As I explained in detail in the original bug report, I believe this is *not* problem of the underlying engine (aspell, based on data from the hspell project) but rather of libreoffice's own word split algorithm, which apparently doesn't respect Aspell's declaration of in-word characters, nor does it support the correct word-split rules for Hebrew (where certain seemingly-punctuation characters may be parts of words).

I'm not familiar with the code involved, but https://www.libreoffice.org/bugzilla/show_bug.cgi?id=62360 points to the place in the libreoffice code which might need to be fixed.
Comment 7 QA Administrators 2016-01-17 20:05:15 UTC Comment hidden (obsolete)
Comment 8 Lior Kaplan 2016-01-18 20:15:23 UTC
Still happens with LibO 5.0.x. 

To test: use the word ג'ירפה and see that the quote makes the spell checker think it's two words.
Comment 9 Nadav Har'El 2016-02-21 08:23:17 UTC
Indeed, this bug still exists, and still very much annoying. Non-hebrew-speakers might not appreciate the meaning of this bug, but a certain percentage of Hebrew words (unfortunately I can't quote a good estimate) simply contain the single-quote or double-quote characters in them. I gave above examples - certain words with foreign-language sounds and all acronyms.

LibreOffice will mark all these words as wrong, which not only prevents spell-checking such words, it also lowers the users overall confidence in the spellchecker because he or she will so often see correctly-written words red-marked.
Comment 10 QA Administrators 2017-09-01 11:20:33 UTC Comment hidden (obsolete)
Comment 11 Lior Kaplan 2017-09-01 11:41:40 UTC
Still reproducible.

Version: 5.4.0.3
Build ID: 1:5.4.0-1
Comment 12 Omer Zak 2017-11-15 22:07:00 UTC
Still happens in:

Version: 6.0.0.0.alpha1+
Build ID: 9050854c35c389466923f0224a36572d36cd471a
CPU threads: 8; OS: Linux 4.9; UI render: default; VCL: gtk3; 
Locale: en-US (en_US.utf8); Calc: group

OS: Debian 64bit Stretch (Debian 9.2, with some backported packages)


But with some changes.
1. The word פלמ"ח is still not handled correctly.
2. The word ג'ירפה is now handled correctly.
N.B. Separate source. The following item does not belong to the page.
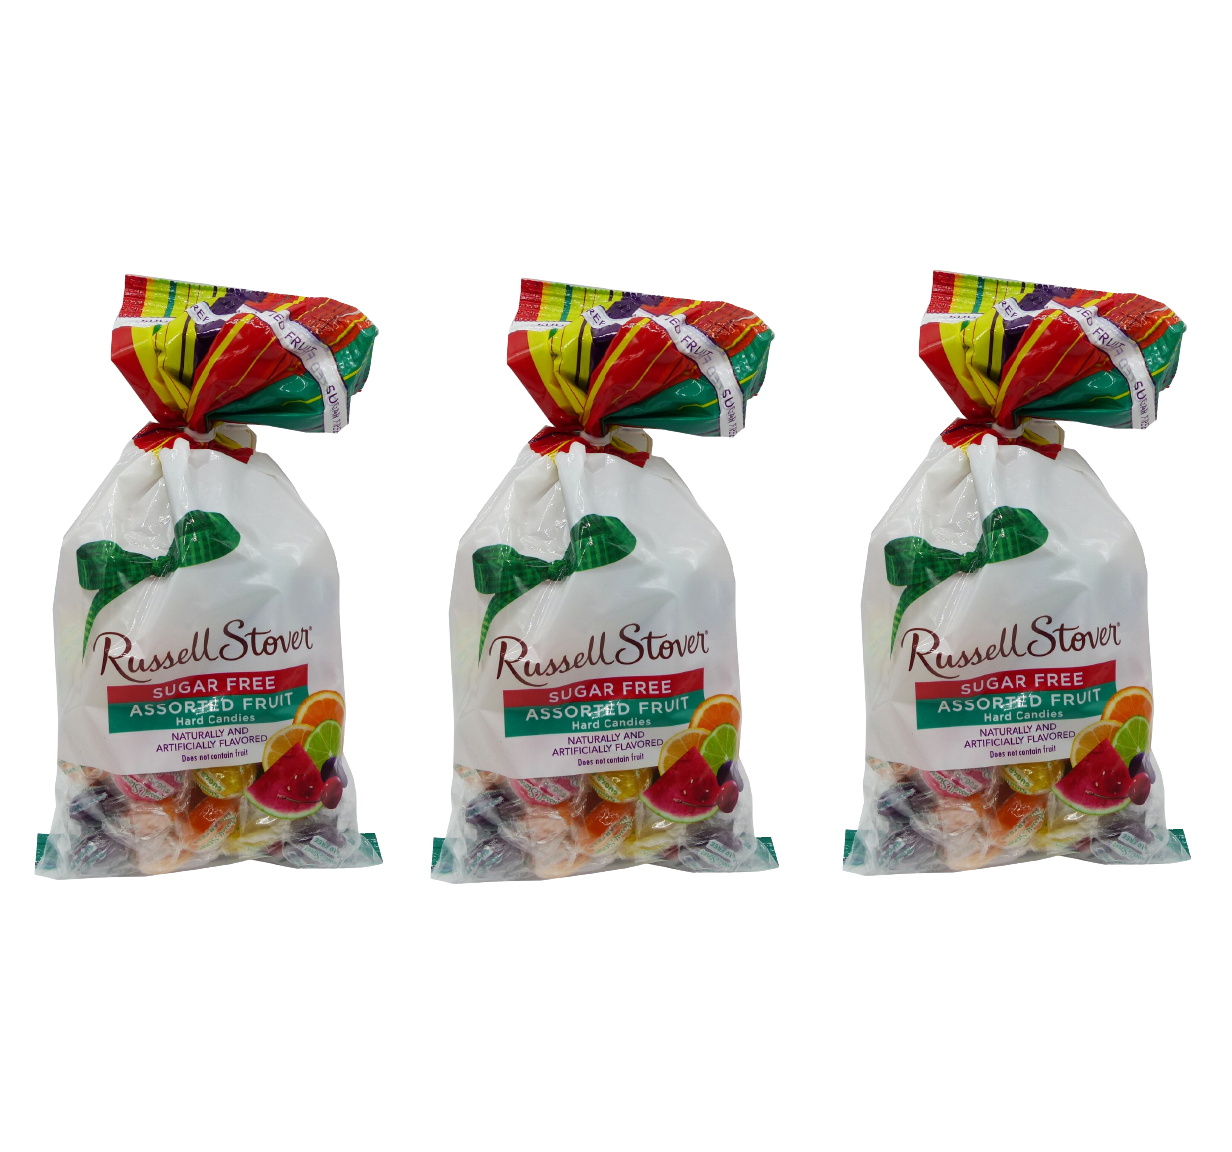 #Flavor_Assorted Fruit #Size_3 Bags

Seems that Writer now converts the single quote into geresh.
Comment 13 QA Administrators 2018-11-16 03:42:08 UTC Comment hidden (obsolete)
Comment 14 Nadav Har'El 2018-11-16 20:37:42 UTC
‎The bug still exists in LibreOffice 6.1.2.1.

As Omer Zak noted above, the bug was *fixed* for the single quote, e.g., ג'ירפה or סח'נין are now correctly recognized as correctly spelled. This is a welcome improvement. However, the bug still exists for double-quotes, e.g., מנכ"לים or פלמ"ח are still split to two words which are spell-checked individually.
Comment 15 Eyal Rozenberg 2018-12-27 15:28:57 UTC
(In reply to Nadav Har'El from comment #14)
> As Omer Zak noted above, the bug was *fixed* for the single quote, e.g.,
> ג'ירפה or סח'נין are now correctly recognized as correctly spelled. 

If you can bisect this fix with daily builds, you can probably figure out who exactly fixed it and where. If you do that, perhaps we'd be able to either:

* Formulate a patch to handle the double-quote case as well; or
* Contact the developer who introduced that patch to ask for their help more specifically.